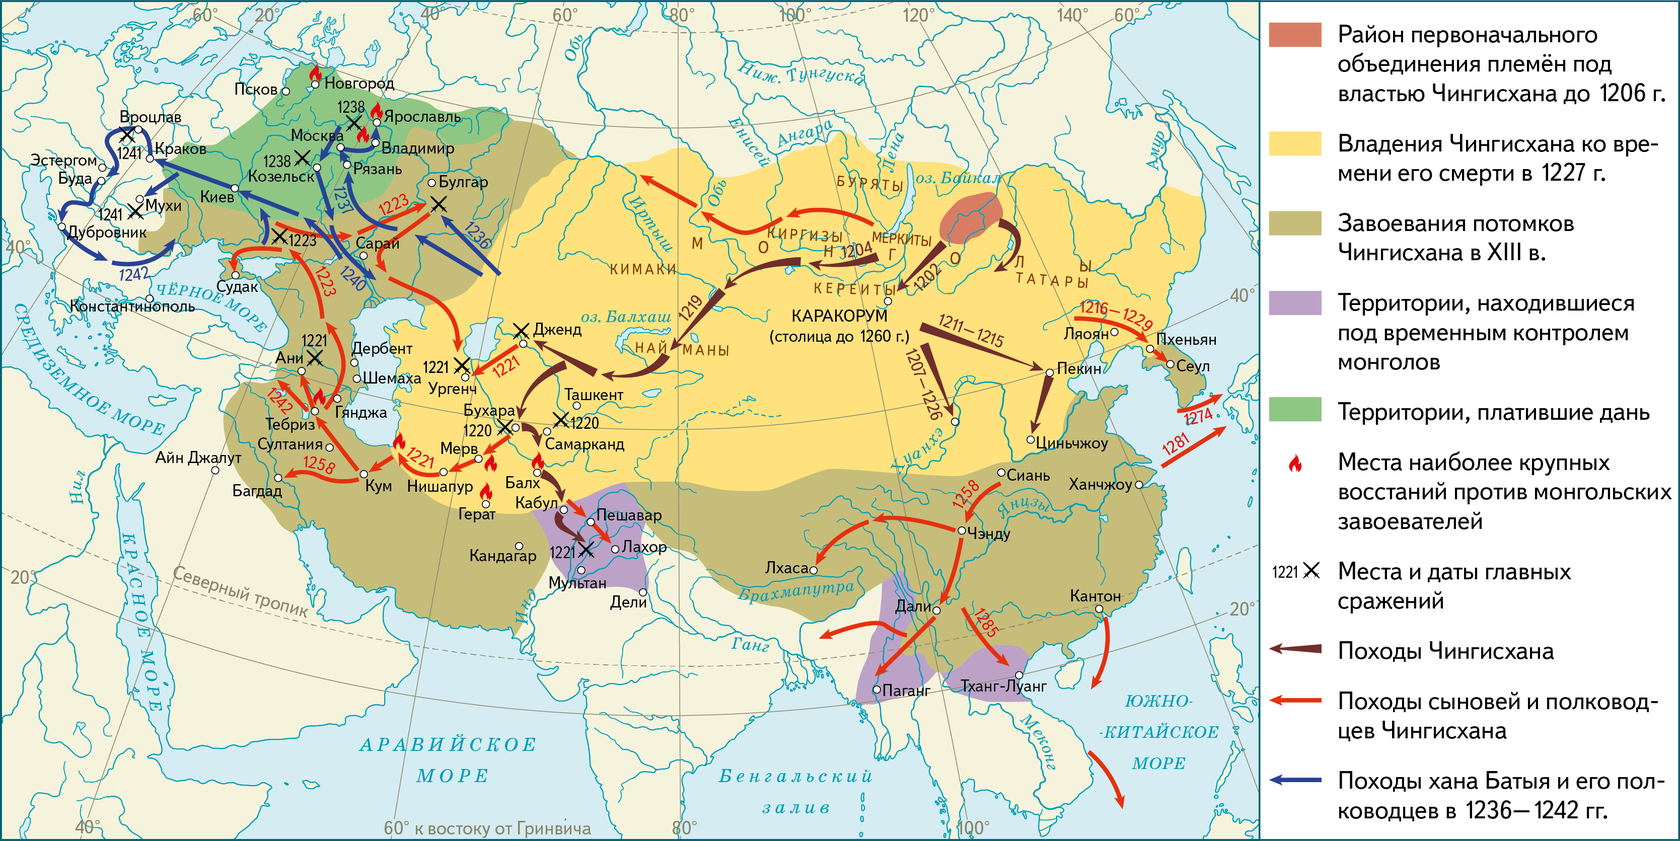 Владение великого хана. Завоевательные походы Чингисхана карта. Монгольская Империя 12 век. Монгольская Империя Чингисхана карта. Монгольские завоевания Чингисхана на карте.
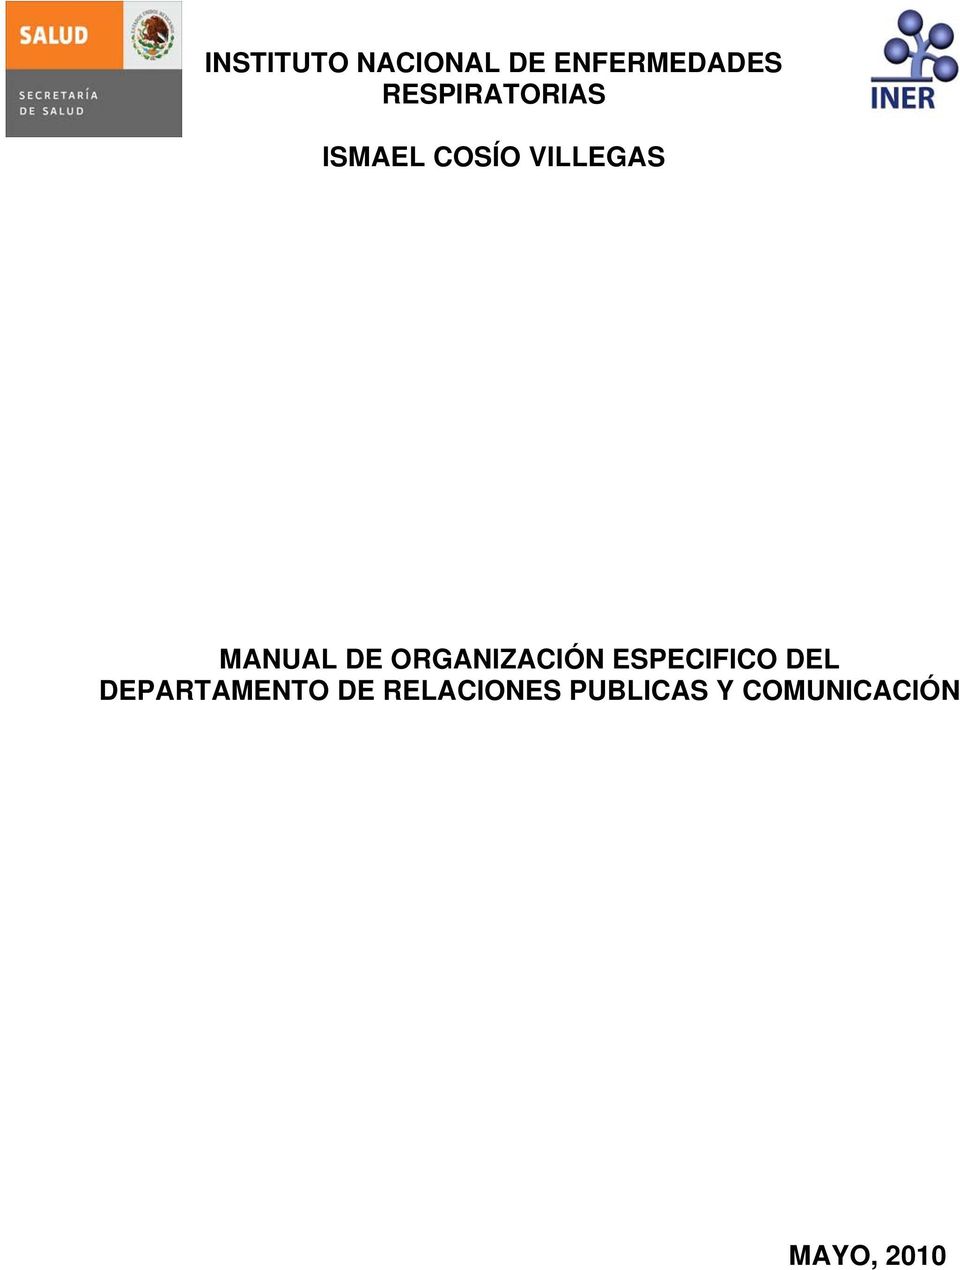 MANUAL DE ORGANIZACIÓN ESPECIFICO DEL
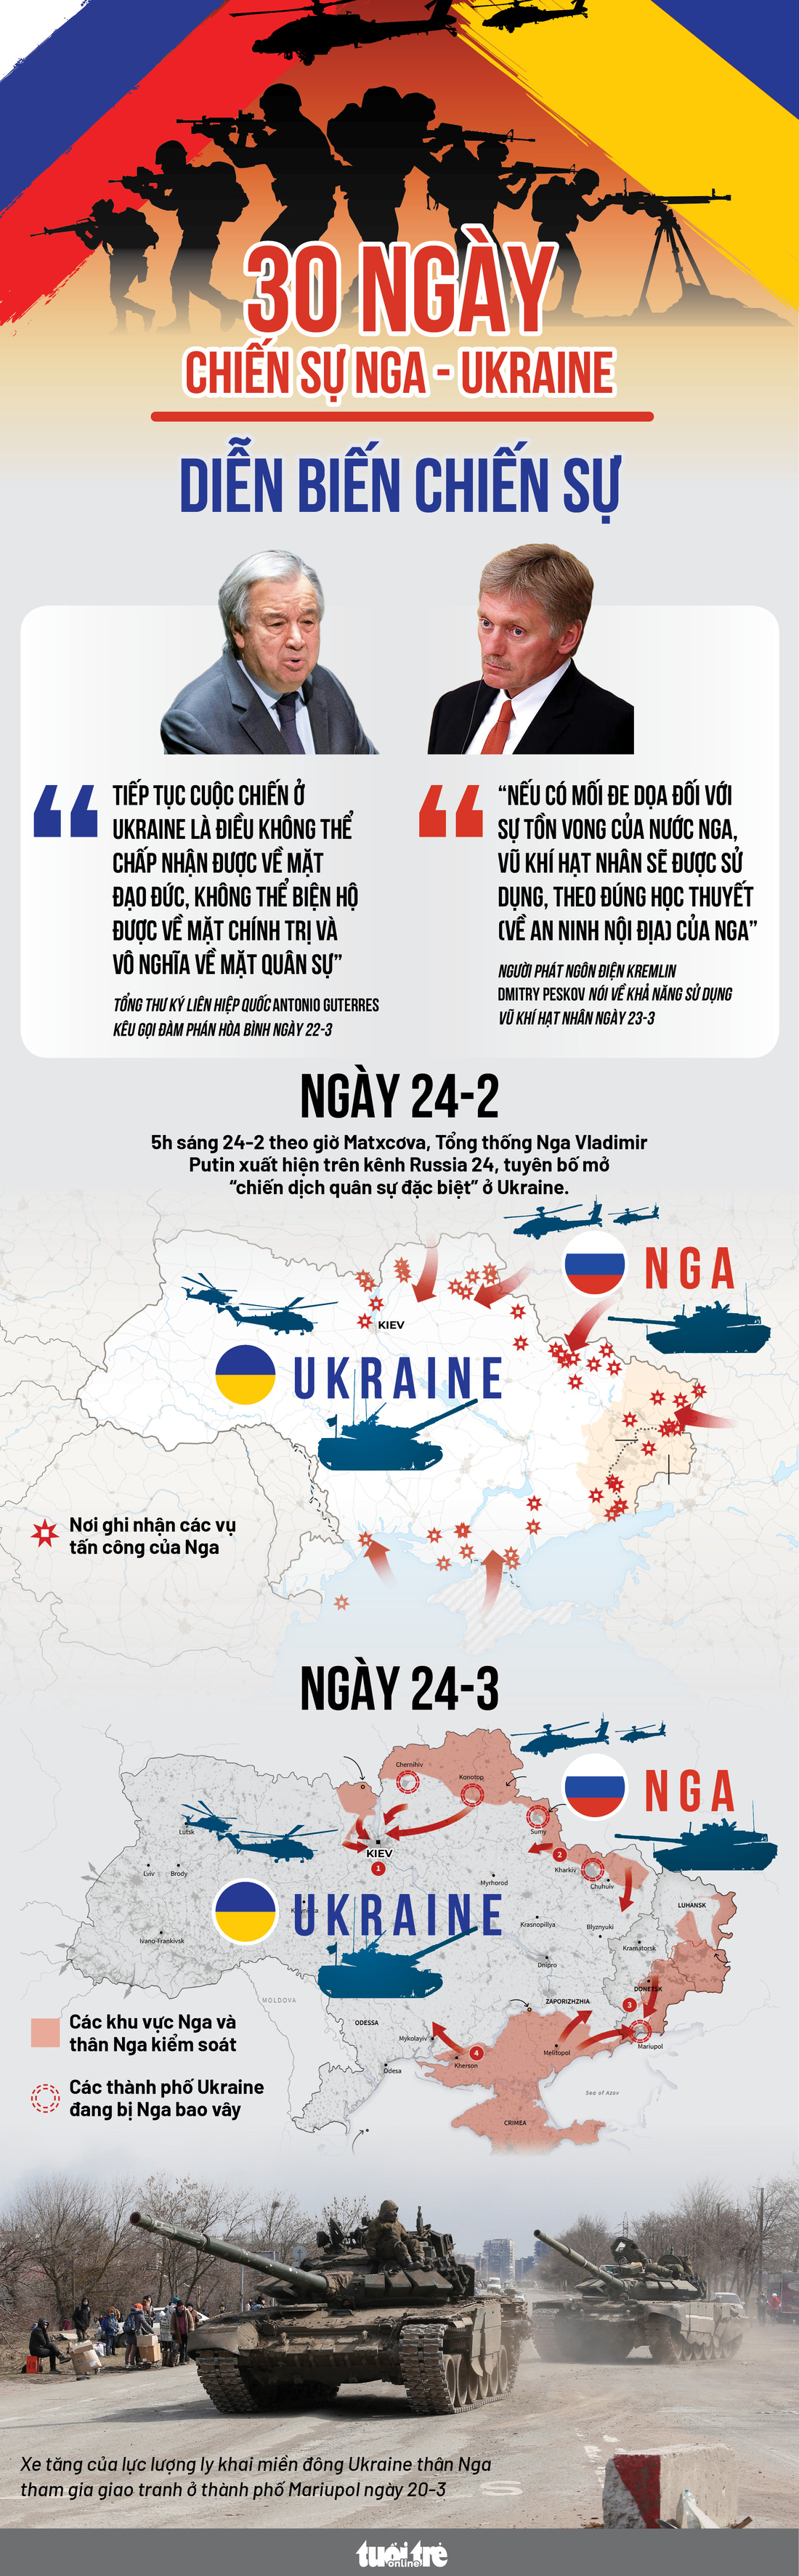 Cục diện chiến sự Ukraine sau 30 ngày - Ảnh 1.

•••

• [Problem details]
Each line above gets copied exactly; leave the pictures out.

• [Result of this exercise]
 Владение великого хана. Завоевательные походы Чингисхана карта. Монгольская Империя 12 век. Монгольская Империя Чингисхана карта. Монгольские завоевания Чингисхана на карте.
 MANUAL DE ORGANIZACIÓN ESPECIFICO DEL
 Cục diện chiến sự Ukraine sau 30 ngày - Ảnh 1.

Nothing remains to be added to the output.